**What to do:**
Without skipping or changing anything, print all the entries.

[Data extracted from a collection]
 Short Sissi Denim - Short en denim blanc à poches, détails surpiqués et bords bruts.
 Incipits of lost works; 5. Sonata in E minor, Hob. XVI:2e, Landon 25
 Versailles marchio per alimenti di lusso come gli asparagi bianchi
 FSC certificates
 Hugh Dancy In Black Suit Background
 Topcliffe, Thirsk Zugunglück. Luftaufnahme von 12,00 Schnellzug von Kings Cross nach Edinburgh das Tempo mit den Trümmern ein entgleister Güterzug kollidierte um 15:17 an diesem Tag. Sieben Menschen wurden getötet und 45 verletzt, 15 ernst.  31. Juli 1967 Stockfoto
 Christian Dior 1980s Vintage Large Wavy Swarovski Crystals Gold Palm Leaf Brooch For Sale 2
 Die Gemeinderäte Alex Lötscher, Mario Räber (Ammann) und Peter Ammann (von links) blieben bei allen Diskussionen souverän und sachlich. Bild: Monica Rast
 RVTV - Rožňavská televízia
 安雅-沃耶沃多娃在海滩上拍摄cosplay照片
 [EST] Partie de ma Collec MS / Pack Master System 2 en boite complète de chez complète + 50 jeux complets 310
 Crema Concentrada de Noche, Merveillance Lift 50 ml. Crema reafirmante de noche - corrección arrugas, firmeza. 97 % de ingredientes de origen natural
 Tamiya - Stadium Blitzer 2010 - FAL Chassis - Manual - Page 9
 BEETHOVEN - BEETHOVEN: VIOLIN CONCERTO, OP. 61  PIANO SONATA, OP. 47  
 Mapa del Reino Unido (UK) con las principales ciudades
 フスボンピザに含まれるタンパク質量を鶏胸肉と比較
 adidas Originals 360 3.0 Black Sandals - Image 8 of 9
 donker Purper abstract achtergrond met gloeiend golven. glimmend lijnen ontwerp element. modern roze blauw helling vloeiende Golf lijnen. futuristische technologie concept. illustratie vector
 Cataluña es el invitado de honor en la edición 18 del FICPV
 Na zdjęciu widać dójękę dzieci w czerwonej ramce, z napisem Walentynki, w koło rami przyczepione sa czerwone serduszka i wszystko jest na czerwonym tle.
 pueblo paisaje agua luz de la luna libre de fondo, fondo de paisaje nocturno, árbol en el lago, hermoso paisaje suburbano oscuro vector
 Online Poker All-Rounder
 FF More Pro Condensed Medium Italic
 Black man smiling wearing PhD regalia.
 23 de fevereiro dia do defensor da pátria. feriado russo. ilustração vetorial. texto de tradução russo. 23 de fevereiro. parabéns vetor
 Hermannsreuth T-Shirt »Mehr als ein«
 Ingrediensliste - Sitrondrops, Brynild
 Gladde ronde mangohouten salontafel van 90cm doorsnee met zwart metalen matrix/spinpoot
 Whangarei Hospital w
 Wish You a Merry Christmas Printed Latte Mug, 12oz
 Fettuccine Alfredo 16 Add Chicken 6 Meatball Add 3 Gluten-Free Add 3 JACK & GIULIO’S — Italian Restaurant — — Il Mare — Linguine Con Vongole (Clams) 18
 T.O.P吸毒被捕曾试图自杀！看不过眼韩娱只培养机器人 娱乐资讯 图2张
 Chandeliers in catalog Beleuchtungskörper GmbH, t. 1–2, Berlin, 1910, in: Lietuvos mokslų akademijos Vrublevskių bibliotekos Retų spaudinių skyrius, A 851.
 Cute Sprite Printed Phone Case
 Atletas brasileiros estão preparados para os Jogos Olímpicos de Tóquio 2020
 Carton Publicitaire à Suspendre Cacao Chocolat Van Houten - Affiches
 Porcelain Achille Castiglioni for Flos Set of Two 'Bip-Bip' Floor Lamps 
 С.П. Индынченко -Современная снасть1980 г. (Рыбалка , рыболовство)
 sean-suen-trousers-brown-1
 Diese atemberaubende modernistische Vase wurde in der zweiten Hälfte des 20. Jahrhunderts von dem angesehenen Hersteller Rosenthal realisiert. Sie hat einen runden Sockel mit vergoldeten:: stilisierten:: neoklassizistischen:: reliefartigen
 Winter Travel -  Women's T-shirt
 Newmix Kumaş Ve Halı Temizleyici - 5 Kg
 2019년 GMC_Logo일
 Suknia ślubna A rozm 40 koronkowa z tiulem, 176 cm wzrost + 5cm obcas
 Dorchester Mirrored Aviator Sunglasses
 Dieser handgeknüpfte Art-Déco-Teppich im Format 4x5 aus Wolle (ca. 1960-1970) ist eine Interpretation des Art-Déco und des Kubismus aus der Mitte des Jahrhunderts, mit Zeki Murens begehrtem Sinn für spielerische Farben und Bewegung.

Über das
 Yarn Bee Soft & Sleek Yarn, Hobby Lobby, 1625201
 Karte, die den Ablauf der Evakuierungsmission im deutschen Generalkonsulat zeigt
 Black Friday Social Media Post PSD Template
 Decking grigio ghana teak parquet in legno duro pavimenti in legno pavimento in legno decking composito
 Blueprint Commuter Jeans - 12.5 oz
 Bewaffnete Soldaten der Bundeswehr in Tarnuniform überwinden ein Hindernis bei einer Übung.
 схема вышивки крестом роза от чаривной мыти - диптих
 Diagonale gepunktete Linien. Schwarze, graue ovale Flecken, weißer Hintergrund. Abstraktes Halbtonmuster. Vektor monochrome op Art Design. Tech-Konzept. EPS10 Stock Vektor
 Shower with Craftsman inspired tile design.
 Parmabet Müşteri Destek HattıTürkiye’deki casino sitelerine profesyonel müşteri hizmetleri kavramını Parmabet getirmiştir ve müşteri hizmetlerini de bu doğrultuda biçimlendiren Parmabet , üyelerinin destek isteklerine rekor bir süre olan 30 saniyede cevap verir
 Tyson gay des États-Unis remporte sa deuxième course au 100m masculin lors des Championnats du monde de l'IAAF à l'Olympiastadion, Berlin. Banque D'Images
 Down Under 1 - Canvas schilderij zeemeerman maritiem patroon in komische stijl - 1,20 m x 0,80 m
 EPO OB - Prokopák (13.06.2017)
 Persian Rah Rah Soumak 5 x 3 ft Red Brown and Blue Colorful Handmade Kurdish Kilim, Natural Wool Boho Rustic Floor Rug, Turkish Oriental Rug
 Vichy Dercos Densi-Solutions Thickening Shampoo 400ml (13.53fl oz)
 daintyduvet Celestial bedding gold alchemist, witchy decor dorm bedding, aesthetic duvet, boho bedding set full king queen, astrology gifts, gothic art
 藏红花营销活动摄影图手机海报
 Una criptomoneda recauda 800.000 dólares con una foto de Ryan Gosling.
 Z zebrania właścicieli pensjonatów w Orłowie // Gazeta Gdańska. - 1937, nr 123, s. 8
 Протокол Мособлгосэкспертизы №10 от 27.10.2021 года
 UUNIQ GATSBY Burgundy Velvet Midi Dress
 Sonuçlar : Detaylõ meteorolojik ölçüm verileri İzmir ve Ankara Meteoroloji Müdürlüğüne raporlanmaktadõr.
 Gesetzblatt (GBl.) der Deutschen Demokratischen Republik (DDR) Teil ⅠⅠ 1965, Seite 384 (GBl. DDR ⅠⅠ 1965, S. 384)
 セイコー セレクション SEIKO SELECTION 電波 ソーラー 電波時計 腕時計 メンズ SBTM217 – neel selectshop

**Answer to the problem:**
 Short Sissi Denim - Short en denim blanc à poches, détails surpiqués et bords bruts.
 Incipits of lost works; 5. Sonata in E minor, Hob. XVI:2e, Landon 25
 Versailles marchio per alimenti di lusso come gli asparagi bianchi
 FSC certificates
 Hugh Dancy In Black Suit Background
 Topcliffe, Thirsk Zugunglück. Luftaufnahme von 12,00 Schnellzug von Kings Cross nach Edinburgh das Tempo mit den Trümmern ein entgleister Güterzug kollidierte um 15:17 an diesem Tag. Sieben Menschen wurden getötet und 45 verletzt, 15 ernst.  31. Juli 1967 Stockfoto
 Christian Dior 1980s Vintage Large Wavy Swarovski Crystals Gold Palm Leaf Brooch For Sale 2
 Die Gemeinderäte Alex Lötscher, Mario Räber (Ammann) und Peter Ammann (von links) blieben bei allen Diskussionen souverän und sachlich. Bild: Monica Rast
 RVTV - Rožňavská televízia
 安雅-沃耶沃多娃在海滩上拍摄cosplay照片
 [EST] Partie de ma Collec MS / Pack Master System 2 en boite complète de chez complète + 50 jeux complets 310
 Crema Concentrada de Noche, Merveillance Lift 50 ml. Crema reafirmante de noche - corrección arrugas, firmeza. 97 % de ingredientes de origen natural
 Tamiya - Stadium Blitzer 2010 - FAL Chassis - Manual - Page 9
 BEETHOVEN - BEETHOVEN: VIOLIN CONCERTO, OP. 61  PIANO SONATA, OP. 47  
 Mapa del Reino Unido (UK) con las principales ciudades
 フスボンピザに含まれるタンパク質量を鶏胸肉と比較
 adidas Originals 360 3.0 Black Sandals - Image 8 of 9
 donker Purper abstract achtergrond met gloeiend golven. glimmend lijnen ontwerp element. modern roze blauw helling vloeiende Golf lijnen. futuristische technologie concept. illustratie vector
 Cataluña es el invitado de honor en la edición 18 del FICPV
 Na zdjęciu widać dójękę dzieci w czerwonej ramce, z napisem Walentynki, w koło rami przyczepione sa czerwone serduszka i wszystko jest na czerwonym tle.
 pueblo paisaje agua luz de la luna libre de fondo, fondo de paisaje nocturno, árbol en el lago, hermoso paisaje suburbano oscuro vector
 Online Poker All-Rounder
 FF More Pro Condensed Medium Italic
 Black man smiling wearing PhD regalia.
 23 de fevereiro dia do defensor da pátria. feriado russo. ilustração vetorial. texto de tradução russo. 23 de fevereiro. parabéns vetor
 Hermannsreuth T-Shirt »Mehr als ein«
 Ingrediensliste - Sitrondrops, Brynild
 Gladde ronde mangohouten salontafel van 90cm doorsnee met zwart metalen matrix/spinpoot
 Whangarei Hospital w
 Wish You a Merry Christmas Printed Latte Mug, 12oz
 Fettuccine Alfredo 16 Add Chicken 6 Meatball Add 3 Gluten-Free Add 3 JACK & GIULIO’S — Italian Restaurant — — Il Mare — Linguine Con Vongole (Clams) 18
 T.O.P吸毒被捕曾试图自杀！看不过眼韩娱只培养机器人 娱乐资讯 图2张
 Chandeliers in catalog Beleuchtungskörper GmbH, t. 1–2, Berlin, 1910, in: Lietuvos mokslų akademijos Vrublevskių bibliotekos Retų spaudinių skyrius, A 851.
 Cute Sprite Printed Phone Case
 Atletas brasileiros estão preparados para os Jogos Olímpicos de Tóquio 2020
 Carton Publicitaire à Suspendre Cacao Chocolat Van Houten - Affiches
 Porcelain Achille Castiglioni for Flos Set of Two 'Bip-Bip' Floor Lamps 
 С.П. Индынченко -Современная снасть1980 г. (Рыбалка , рыболовство)
 sean-suen-trousers-brown-1
 Diese atemberaubende modernistische Vase wurde in der zweiten Hälfte des 20. Jahrhunderts von dem angesehenen Hersteller Rosenthal realisiert. Sie hat einen runden Sockel mit vergoldeten:: stilisierten:: neoklassizistischen:: reliefartigen
 Winter Travel -  Women's T-shirt
 Newmix Kumaş Ve Halı Temizleyici - 5 Kg
 2019년 GMC_Logo일
 Suknia ślubna A rozm 40 koronkowa z tiulem, 176 cm wzrost + 5cm obcas
 Dorchester Mirrored Aviator Sunglasses
 Dieser handgeknüpfte Art-Déco-Teppich im Format 4x5 aus Wolle (ca. 1960-1970) ist eine Interpretation des Art-Déco und des Kubismus aus der Mitte des Jahrhunderts, mit Zeki Murens begehrtem Sinn für spielerische Farben und Bewegung.

Über das
 Yarn Bee Soft & Sleek Yarn, Hobby Lobby, 1625201
 Karte, die den Ablauf der Evakuierungsmission im deutschen Generalkonsulat zeigt
 Black Friday Social Media Post PSD Template
 Decking grigio ghana teak parquet in legno duro pavimenti in legno pavimento in legno decking composito
 Blueprint Commuter Jeans - 12.5 oz
 Bewaffnete Soldaten der Bundeswehr in Tarnuniform überwinden ein Hindernis bei einer Übung.
 схема вышивки крестом роза от чаривной мыти - диптих
 Diagonale gepunktete Linien. Schwarze, graue ovale Flecken, weißer Hintergrund. Abstraktes Halbtonmuster. Vektor monochrome op Art Design. Tech-Konzept. EPS10 Stock Vektor
 Shower with Craftsman inspired tile design.
 Parmabet Müşteri Destek HattıTürkiye’deki casino sitelerine profesyonel müşteri hizmetleri kavramını Parmabet getirmiştir ve müşteri hizmetlerini de bu doğrultuda biçimlendiren Parmabet , üyelerinin destek isteklerine rekor bir süre olan 30 saniyede cevap verir
 Tyson gay des États-Unis remporte sa deuxième course au 100m masculin lors des Championnats du monde de l'IAAF à l'Olympiastadion, Berlin. Banque D'Images
 Down Under 1 - Canvas schilderij zeemeerman maritiem patroon in komische stijl - 1,20 m x 0,80 m
 EPO OB - Prokopák (13.06.2017)
 Persian Rah Rah Soumak 5 x 3 ft Red Brown and Blue Colorful Handmade Kurdish Kilim, Natural Wool Boho Rustic Floor Rug, Turkish Oriental Rug
 Vichy Dercos Densi-Solutions Thickening Shampoo 400ml (13.53fl oz)
 daintyduvet Celestial bedding gold alchemist, witchy decor dorm bedding, aesthetic duvet, boho bedding set full king queen, astrology gifts, gothic art
 藏红花营销活动摄影图手机海报
 Una criptomoneda recauda 800.000 dólares con una foto de Ryan Gosling.
 Z zebrania właścicieli pensjonatów w Orłowie // Gazeta Gdańska. - 1937, nr 123, s. 8
 Протокол Мособлгосэкспертизы №10 от 27.10.2021 года
 UUNIQ GATSBY Burgundy Velvet Midi Dress
 Sonuçlar : Detaylõ meteorolojik ölçüm verileri İzmir ve Ankara Meteoroloji Müdürlüğüne raporlanmaktadõr.
 Gesetzblatt (GBl.) der Deutschen Demokratischen Republik (DDR) Teil ⅠⅠ 1965, Seite 384 (GBl. DDR ⅠⅠ 1965, S. 384)
 セイコー セレクション SEIKO SELECTION 電波 ソーラー 電波時計 腕時計 メンズ SBTM217 – neel selectshop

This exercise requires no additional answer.